Pursuit of a neutral Afghanistan: the Swiss way

The current situation in Afghanistan is challenging and the prospects of peace remain distant


Bénédict De Cerjat June 02, 2021

After more than 40 years of conflict — driven by local, regional and supra-regional interests — it is only fair that the people of Afghanistan finally achieve lasting peace and escape the poverty that affects more than 80 per cent of the population. The current situation in Afghanistan is challenging and the prospects of peace remain distant. But many — including those here in Pakistan — are willing to take some risks to promote a negotiated political settlement between the government of the Republic and the Taliban. Both sides will ultimately have to make concessions in the interest of peace and security in Afghanistan.

Looking at the necessary elements for a lasting peace in the war-ravaged country, I deem there to be one which merits particular attention: the pursuit of a neutral Afghanistan, a proposition that may very well be a prerequisite for security and stability in the country. Here, I cannot help but remember what happened in the heart of Europe after Napoleon’s defeat, when in 1815, at the Congress of Vienna, the map of Europe was redrawn. For more than 15 years, Switzerland had been occupied by the young French Republic and eventually absorbed into the Napoleon’s Empire. Hence, the victorious anti-France Alliance wanted to avoid new problems from arising in this strategic region holding the Alpine passes. The aim was to ensure that Switzerland would no longer take sides in any future conflicts between its neighbours, and that its territory would not be used to harm any other country.

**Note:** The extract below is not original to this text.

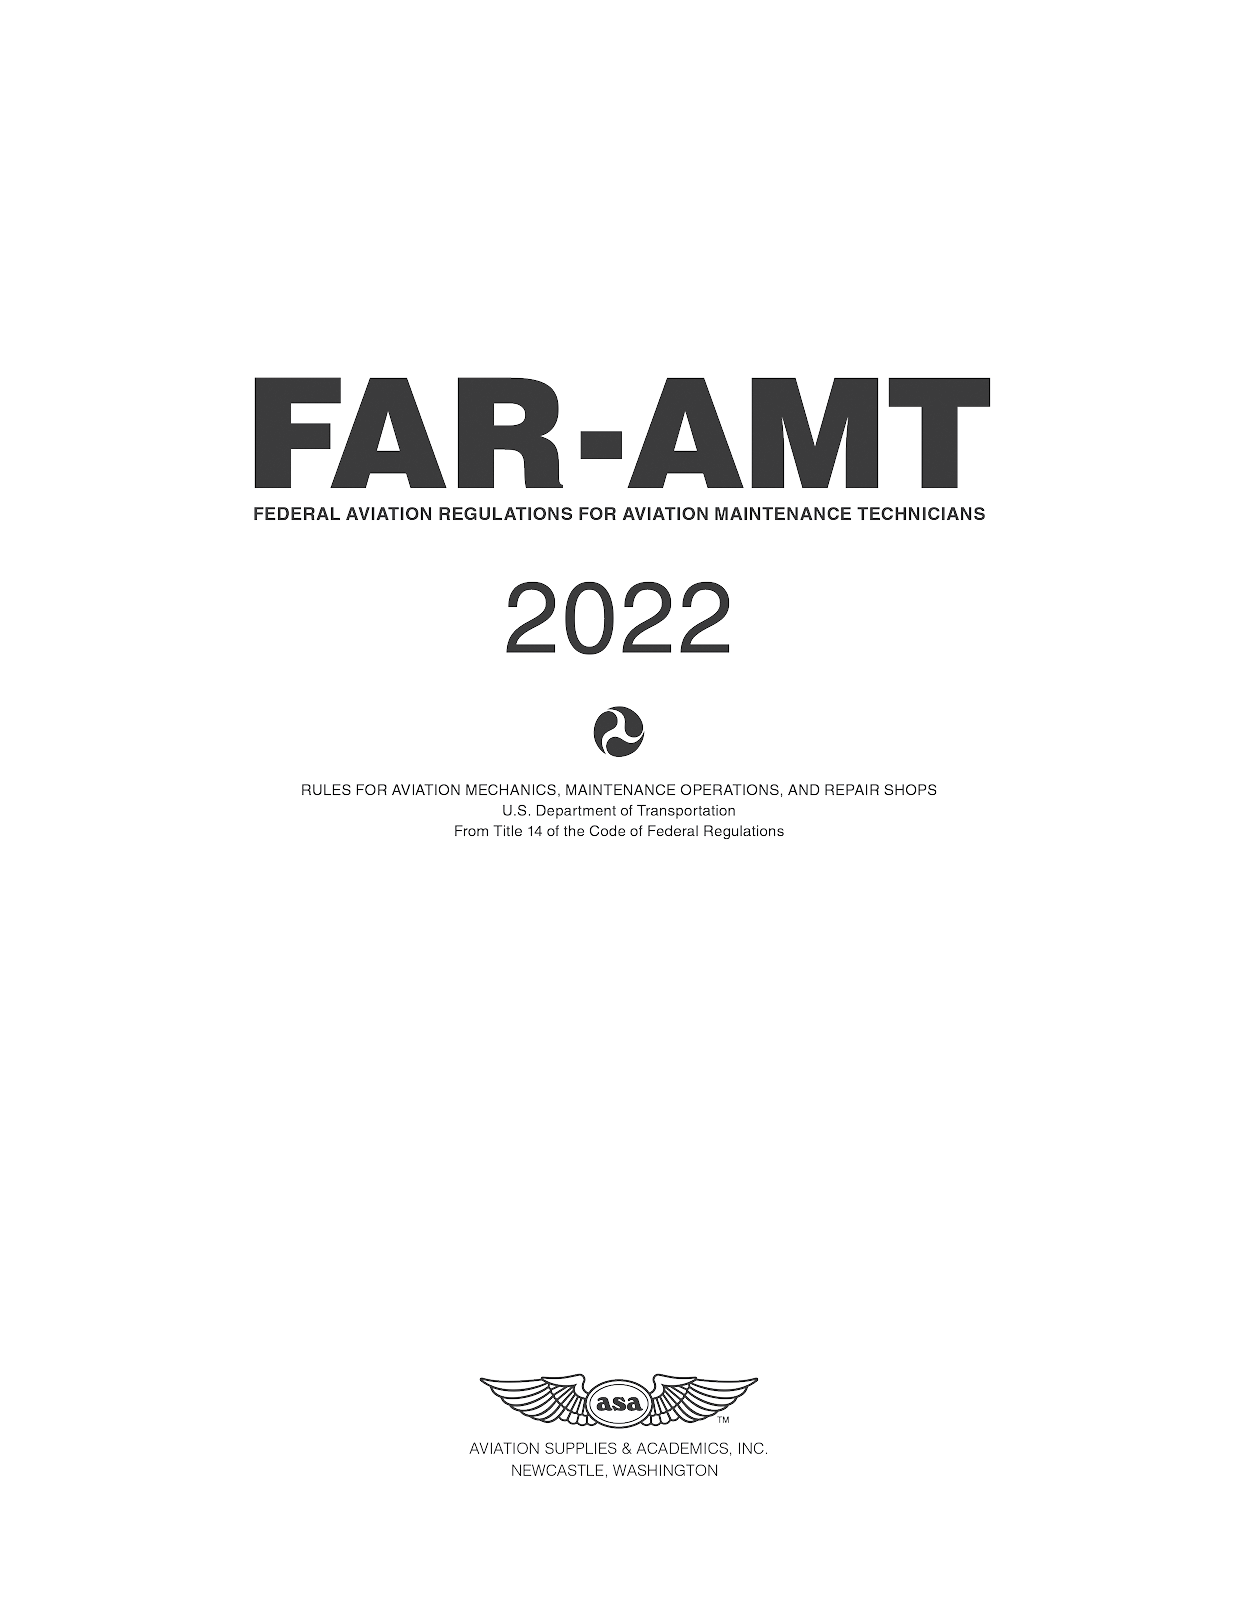 FAR-AMT Federal Aviation Regulations for Aviation Maintenance Technicians - photo 2

Moreover, when the Great Powers at the Congress of Vienna formalised Switzerland’s permanent neutrality — which had already been a longstanding, self-declared practice for centuries — they also undertook to respect it: active neutrality on the one hand, and a guarantee of its respect by the regional players (Austria, France, Great Britain, Prussia, Russia, etc) on the other. So when looking for a solution for peace in Afghanistan, isn’t it a good time to also reflect on this historical example?

However, what would this mean for Afghanistan? To begin with, all Afghan parties to the conflict should ensure that Afghanistan and its local components will not take sides in disputes between their neighbours — for instance, between Pakistan and India or between China and India. But, above all, it implies a commitment by the regional powers and the international community to not interfere in Afghanistan’s internal affairs anymore. This commitment could manifest itself in the shape of a solemn declaration by all states in the region as well as the permanent members of the United Nations Security Council to guarantee the territorial integrity and the neutrality of Afghanistan.

The realisation of a neutral Afghanistan may be a painstakingly long process. Nevertheless, based on our own experience in Switzerland, this is quite a successful formula that could perhaps also benefit the aspired peace in Afghanistan. Bear in mind, Afghanistan has followed a policy of neutrality in the past, notably from the late 19th century until the mid-20th century.

Published in The Express Tribune, June 2nd, 2021.